19.04.2024
The heavy-lift rocket’s upper stage might extend its service as a tug or defender.
U.S. SPACE FORCE / DEANNA MURANO
Faced with competitors building their own reusable heavy-lift rocket, United Launch Alliance is devising plans to keep the upper stage of its Vulcan Centaur rockets in space, where they might tug satellites or counter Chinese threats.
These upper stages could be loaded with more propellant than needed for their initial launch duties, allowing them to stay in orbit and handle other tasks for weeks or months, ULA CEO Tory Bruno told Defense One on the sidelines of the Space Symposium conference.

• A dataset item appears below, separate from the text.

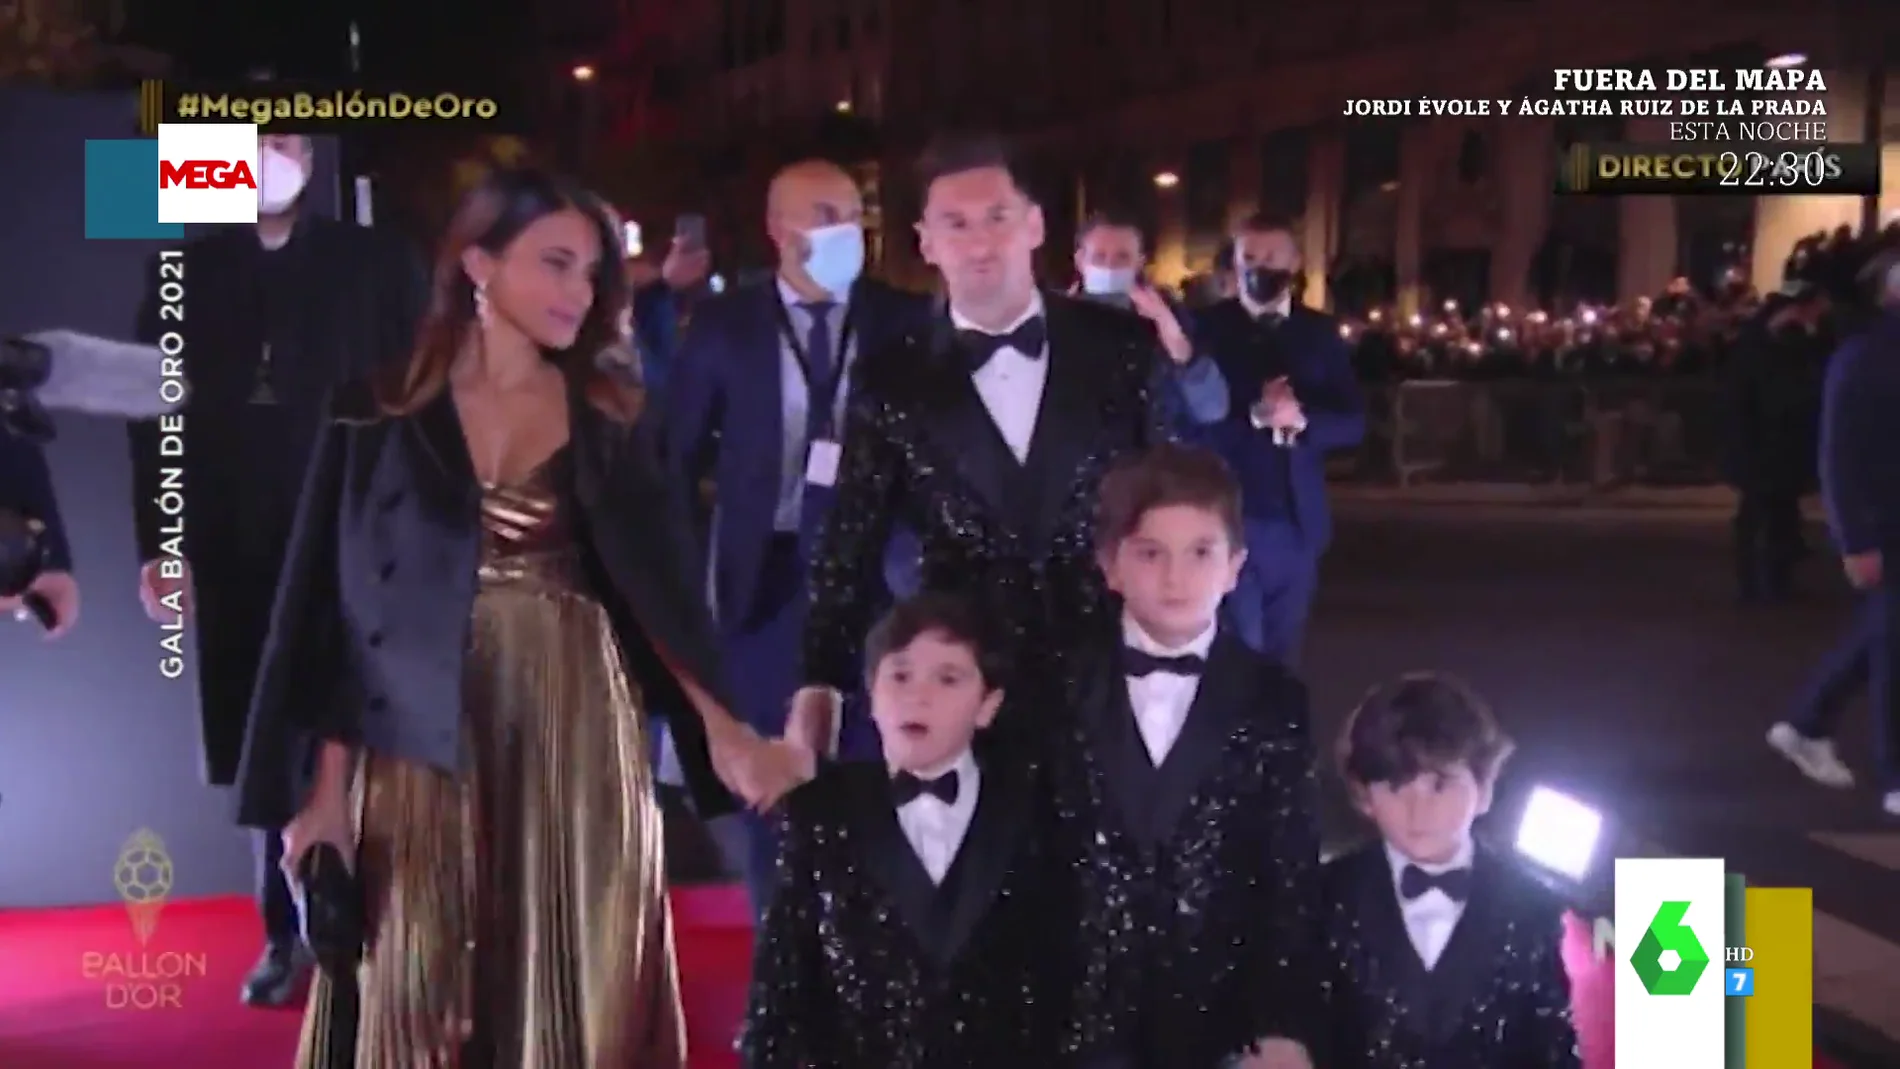 La divertida pulla de Miki Nadal al ver a Messi con sus tres hijos en la gala del Balón de Oro: "Van iguales los cuatro pequeños"

“I can go off and serve a spacecraft and move spacecraft and get in between Chinese anti-satellite weapons on orbit and things we're trying to protect. I can do all kinds of missions that are with a reusable upper stage,” Bruno said.
Vulcan wasn’t designed to be “reused” in the typical sense—i.e., return to Earth—which will make it difficult for the company to compete on cost with SpaceX once its reusable mega-rocket Starship becomes operational. But ULA’s idea to keep the Centaur upper stage in space could open up new missions for the company.
“It takes a satellite weeks to maneuver in its orbit, and it can only do it a couple of times before it's out of propellant. This is a rocket. It's got two orders of magnitude more thrust, more than that amount of energy, even if it's only half full, it can fly around anywhere in Earth orbit in hours, where it takes satellites weeks to do that, and it can do many orbital changes,” Bruno said.
Bruno envisions “a whole fleet of them up there, building up over time as I'm flying, flying, flying in the air, lasting longer and longer and longer, available to do missions to help us cope with this threat.”